Девять дней. Девять дней до начала слушаний. Девять дней, по прошествии которых они скажут нам – официально, – что она ушла навсегда.

Доктор Левин проявил себя с лучшей стороны, назначив консультацию на праздничный день. Возможно, как и у меня, лучшего занятия у него не нашлось. Он отодвигает устройство в сторону и вновь зажигает свет, подсаживается ко мне. Он уже час занимается моими глазами. Пневматическим тонометром проверял внутриглазное давление, направлял в зрачки яркий луч, словно хотел разглядеть, что у меня с обратной стороны затылка, показывал листочки с цифрами, нарисованные точками на фоне других точек.

– Оливия, – мягко начинает он. – Никаких признаков повреждения сетчатки твоих глаз нет. Если на то пошло, ты на удивление хорошо различаешь оттенки серого.

– И что? Что это означает? – Я наклоняюсь вперед из большого кожаного кресла.

Он сдвигает очки ближе к переносице.

– Церебральная ахроматопсия, на которую ты вроде бы жалуешься, практически неизвестна. Это исключительно редкое состояние, почти всегда – результат какого-то повреждения затылочной доли на обоих полушариях мозга, и маловероятно, чтобы такое случилось с тобой.

Я чувствую, как краснею.

– Я… теперь я не могу даже рисовать. – Горло перехватывает, я стараюсь откашляться.

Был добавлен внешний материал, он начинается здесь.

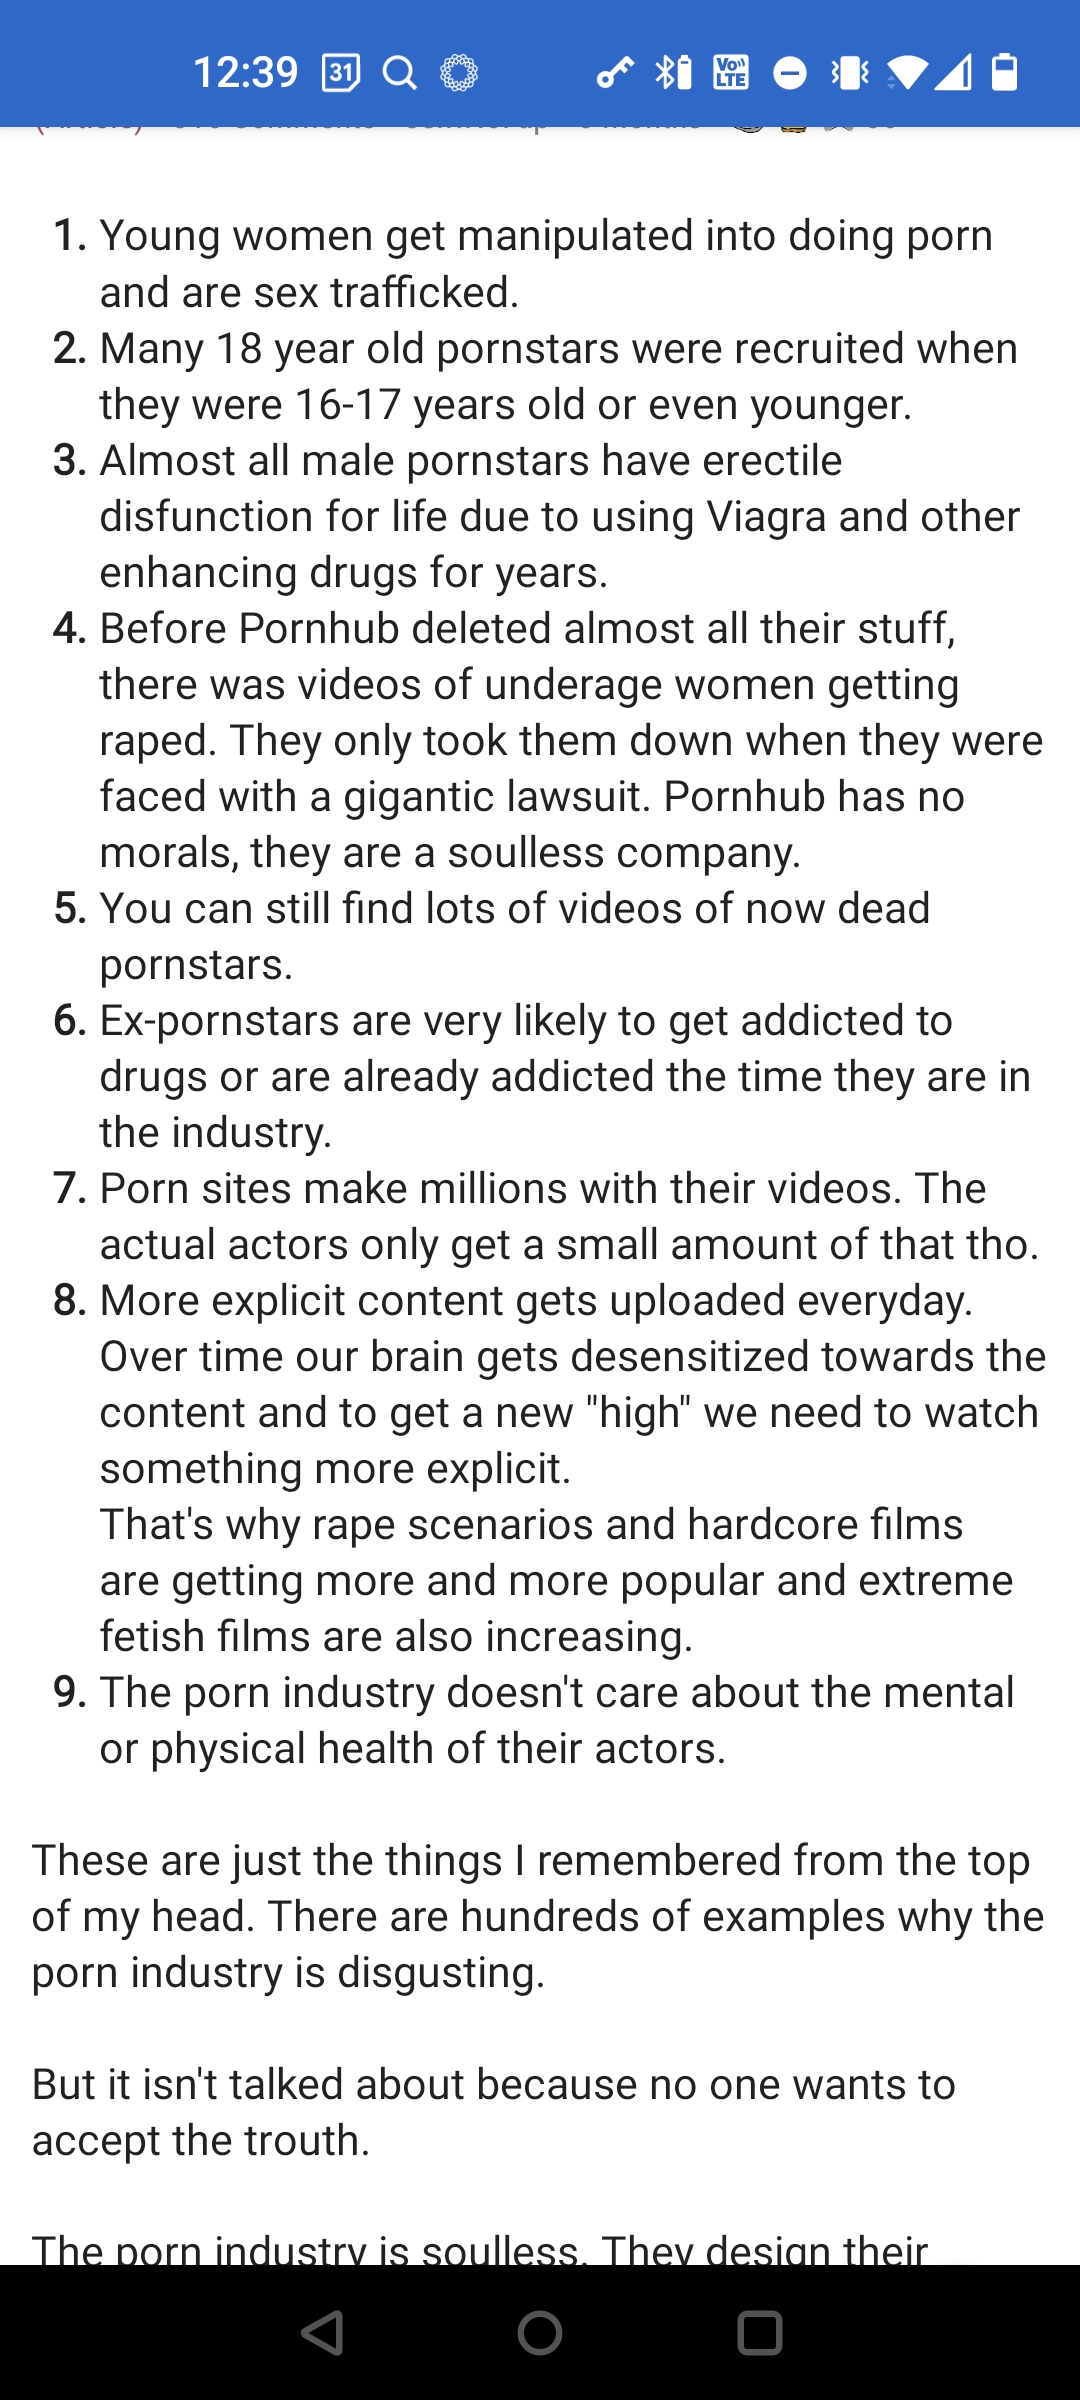 Porno i forhold og om porno generelt - Skråblikk og generaliseringer bilde bilde

– Я не говорю, что это пустяк, как и не говорю, что не верю тебе, Оливия. – Доктор Левин мягко кладет руку мне на плечо, словно говорит с четырехлетним ребенком… собственно, он так и говорил со мной с тех пор, как мне исполнилось четыре годика, не считая необходимым изменить голос. – Что я хочу сказать… не думаю, что причина происходящего с тобой физическая.

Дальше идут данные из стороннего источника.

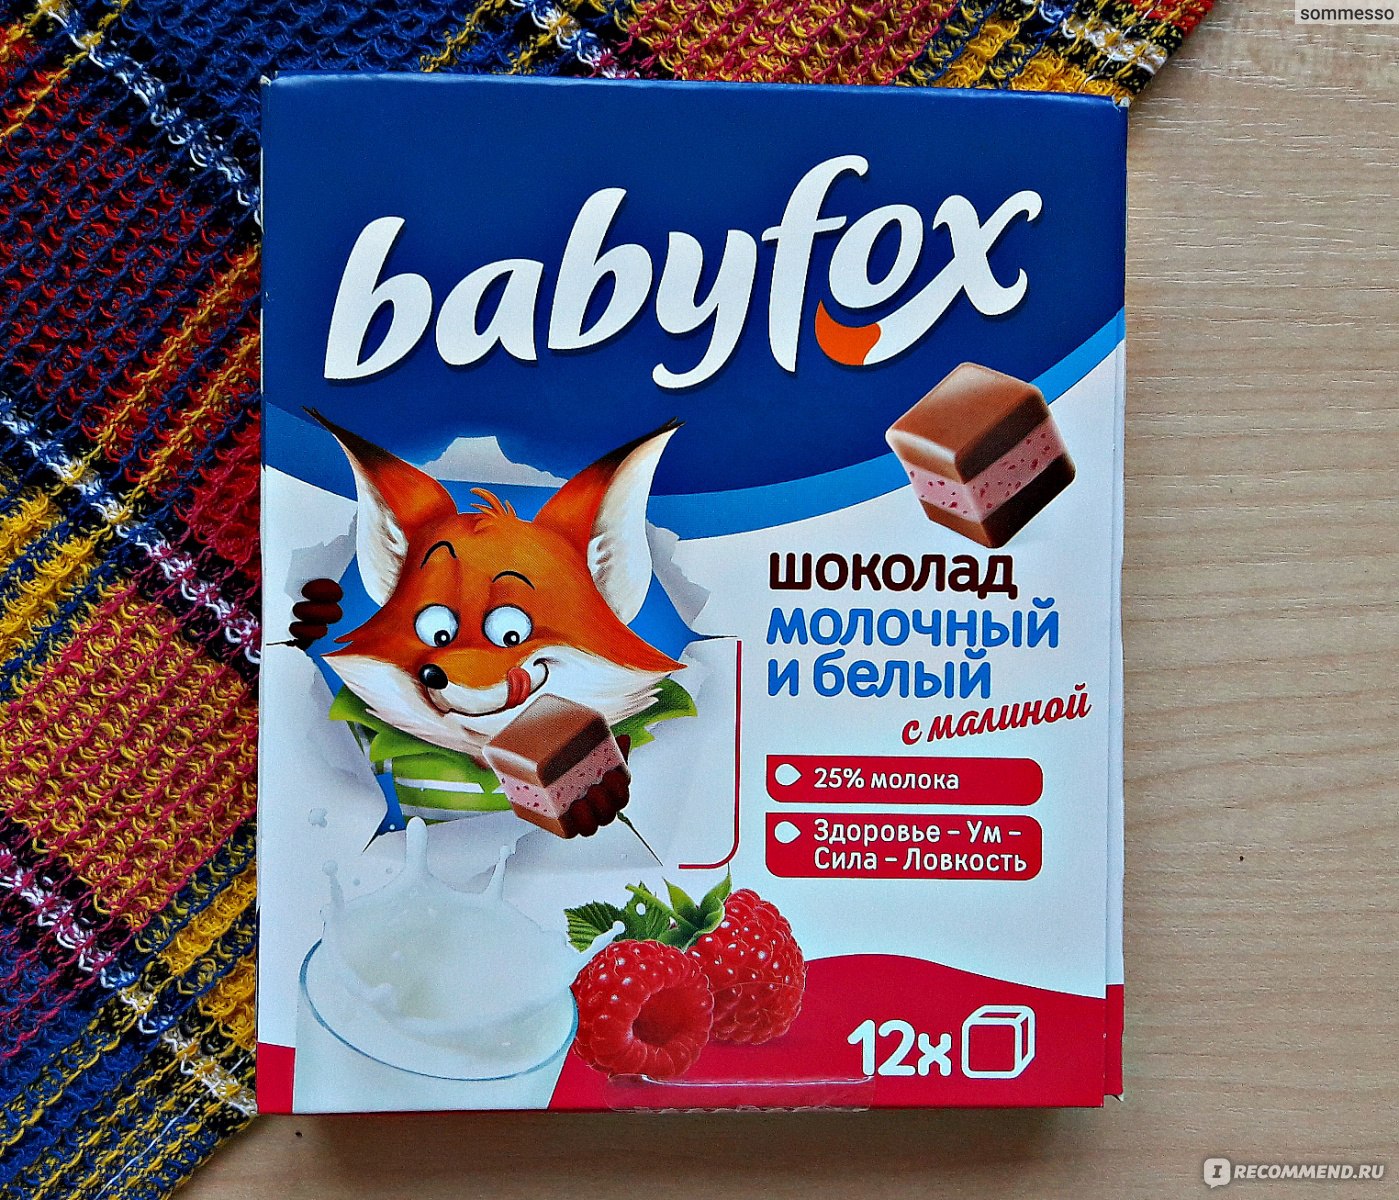 Где Можно Купить Шоколад Babyfox В Москве

Я, сощурившись, смотрю на него.

– Тогда почему это происходит со мной?

Теперь он откашливается, достает ручку из-за уха, рассеянно возвращает на прежнее место.

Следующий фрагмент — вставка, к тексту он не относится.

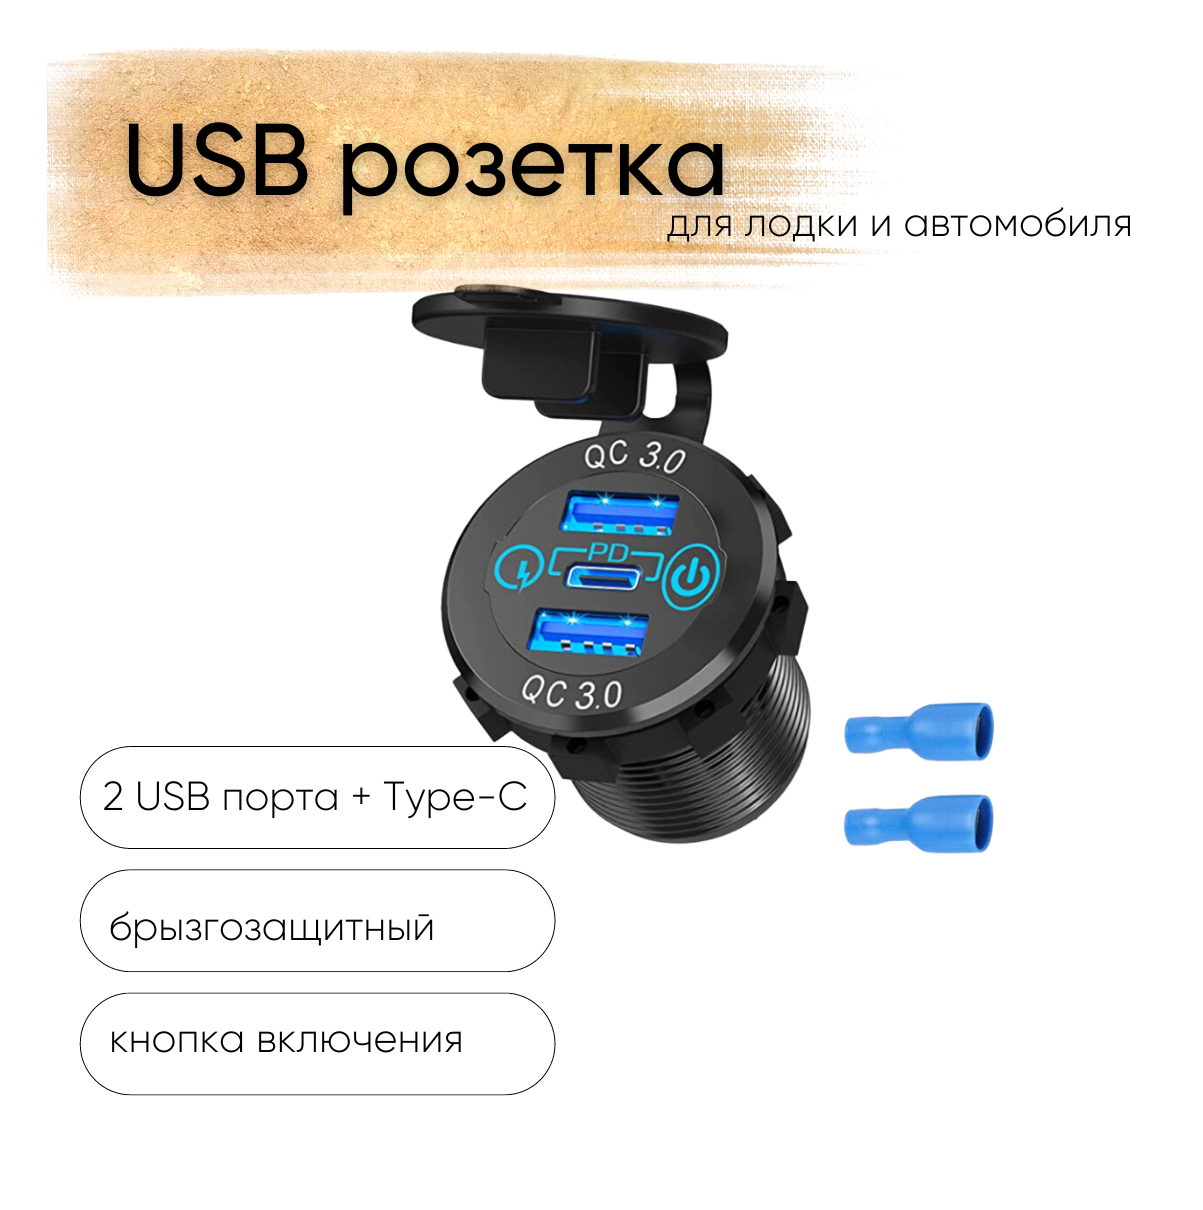 Розетка 12V / 24V USB 2 шт + Type-C быстрая зарядка + кнопка включения 3 выхода QC 3.0 PD круглая цвет синий

– Может, тебе надо подумать о том, чтобы поговорить с кем-нибудь из… с кем-нибудь из профессионалов. Я знаю нескольких блестящих специалистов. Уверен, тебе это пойдет на пользу.

Он вновь пытается положить руку мне на плечо, но я инстинктивно отдергиваю его.

– Что вы такое говорите?

Он вскидывает обе руки, ладонями вверх.

– В этом нет ничего постыдного. Я сам несколько десятилетий хожу к психоаналитику. Это нормально.

Кабинет внезапно становится холодным, как морг. Я знаю эту дорогу: моя мать прошла такой же, и ему это известно.

– Вы думаете, я чокнутая.

– Нет. – Он трясет седой головой. – Я говорю, что в последнее время тебе пришлось многое пережить… больше, чем достается большинству.

Я не отвечаю, но поспешно выбираюсь из кресла. Он вздыхает, пока я быстро иду к двери. Я не хочу говорить о том, что мне пришлось пережить, ни с ним, ни с кем-то еще.

Первый раз я попала к психоаналитику в двенадцать лет. Сразу после того, как безумие матери проявилось во всей красе. Доктор Эдли Нолан, старикан с длинным лошадиным лицом, после двух отвратительных сессий сказал мне, что бе-зумие у меня в генах. И мне надо только дождаться, когда оно проявит себя.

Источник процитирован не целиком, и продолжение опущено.